Confirmatory factor analysis

A one-factor model exhibited a poor fit: RMSEA = 0.099; CFI = 0.932; TLI = 0.910; SRMR = 0.060; χ2 (27) = 311.061. Factor loadings ranged from 0.388 for the irritation/anger item to 0.721 for the mental stamina item (M = 0.574, SD = 0.119). Residual variances ranged from 0.480 for the mental stamina item to 0.849 for the irritation/anger item.

ESEM bifactor analysis

The specified ESEM bifactor structure showed an acceptable fit: RMSEA = 0.065; CFI = 0.987; TLI = 0.961; SRMR = 0.016; χ2 (12) = 66.276. All items loaded > 0.300 on the general Exhaustion Disorder factor (M = 0.538, SD = 0.130), but only one item (experience of demands) displayed a factor loading exceeding 0.700. The Physical bifactor was relatively well-delineated; this was less the case for the Psychological bifactor. The scale-level ECV index had a value of 0.716, indicating that the general factor accounted for about 72% of the common variance extracted. Factor loadings and ECV indices are available in Table 4. OmegaH was 0.680, indicating that a substantial proportion of the variance in total scores could not be attributed to the general factor.

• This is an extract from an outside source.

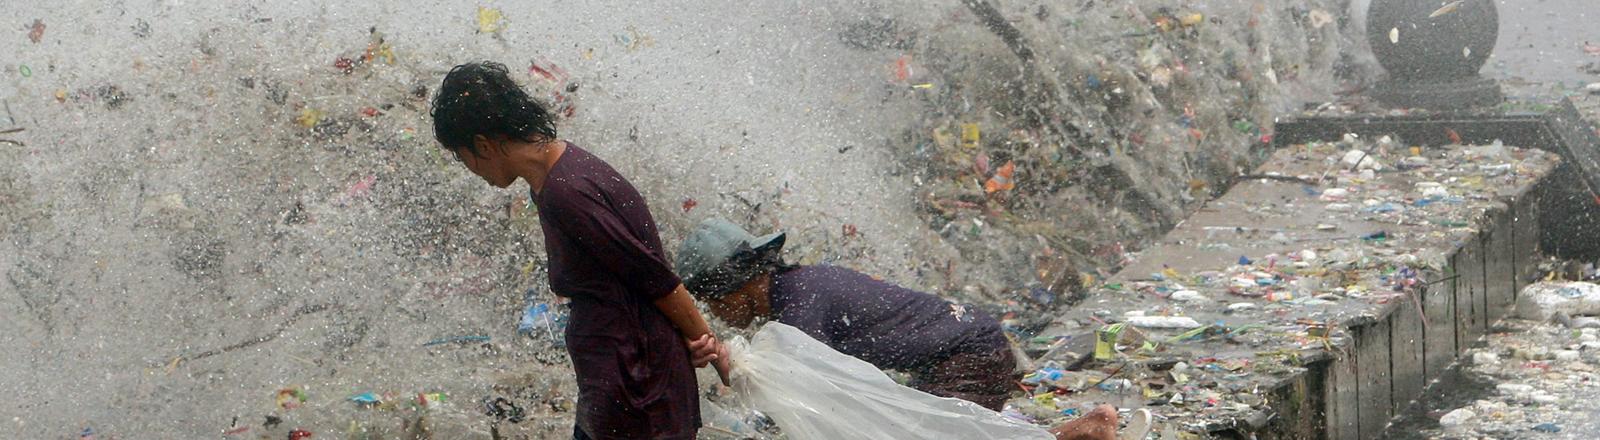 Ein Sturm treibt Wellen von Müll nach Manila und an die Küste.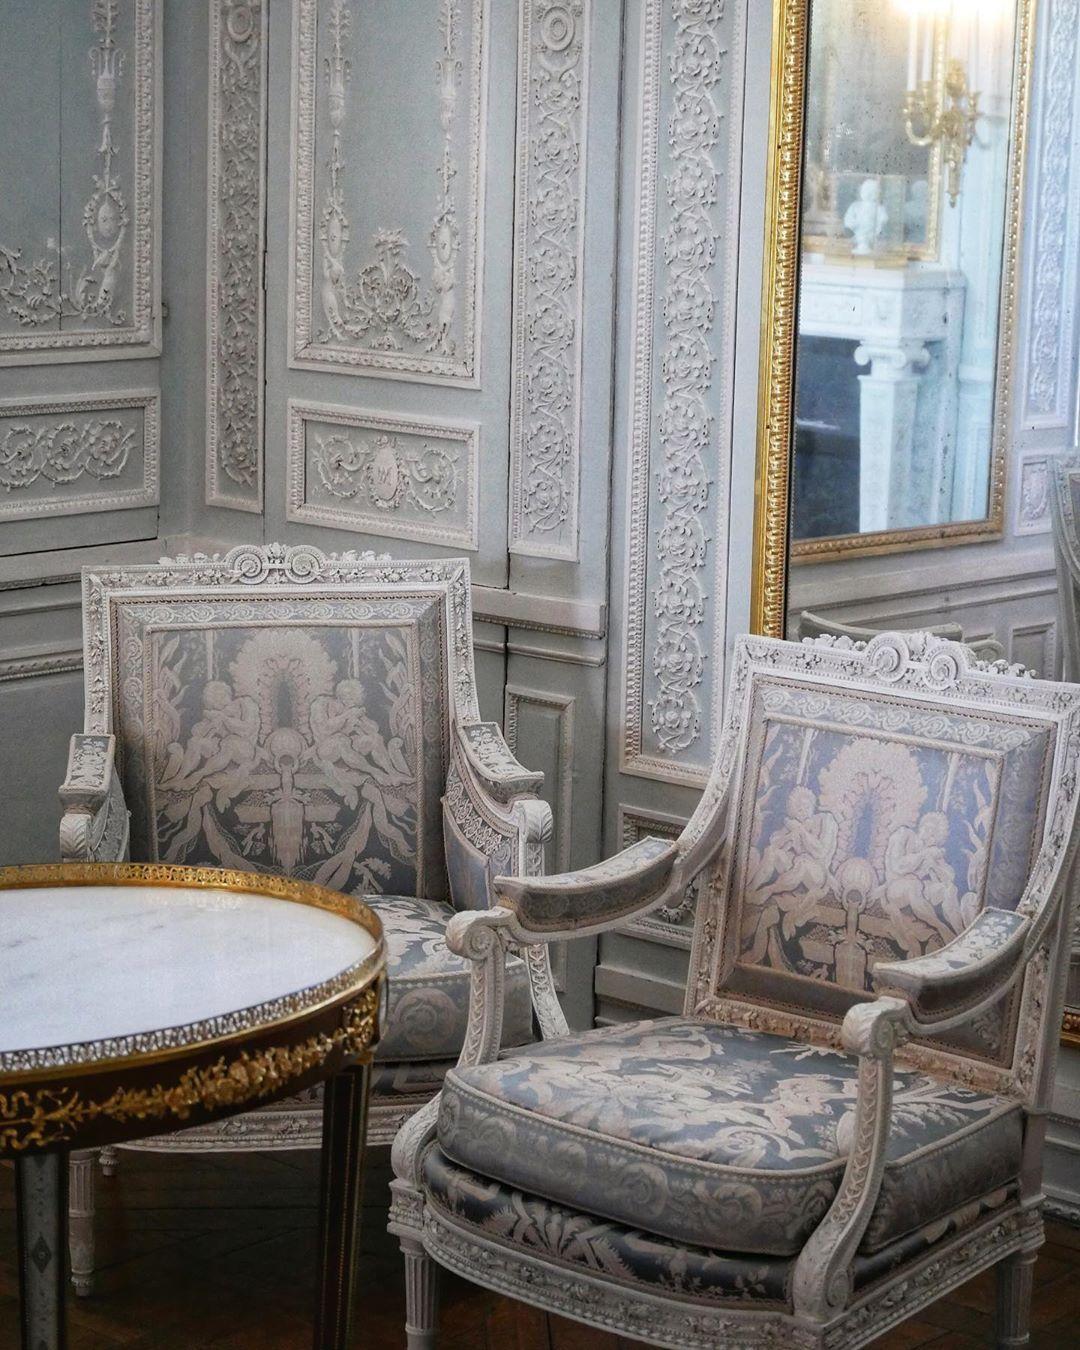 Versailles Mon Amour On Instagram Joli Cabinet De Marie Antoinette Au Petit Trianon Du Chateauversailles Le Mobilier Rococo Decor Furniture Salon Furniture

Table 4 Exploratory structural equation modeling bifactor analysis of the Karolinska Exhaustion Disorder Scale (KEDS)

Homogeneity and total-score reliability

The scale-level H coefficient was 0.296 (SE = 0.014; 95% CI = 0.268–0.323), meaning that the KEDS total score did not accurately rank individuals on a latent continuum. Using the automated item selection procedure, we found items 3, 6, and 9 (physical stamina, sleep, and irritation/anger) to be unscalable at the threshold of 0.296. These findings suggest that the scale cannot be considered unidimensional and that a total-score approach is likely ill-advised in practice (see Supplementary Material Tables S1 and S2 for more granular information).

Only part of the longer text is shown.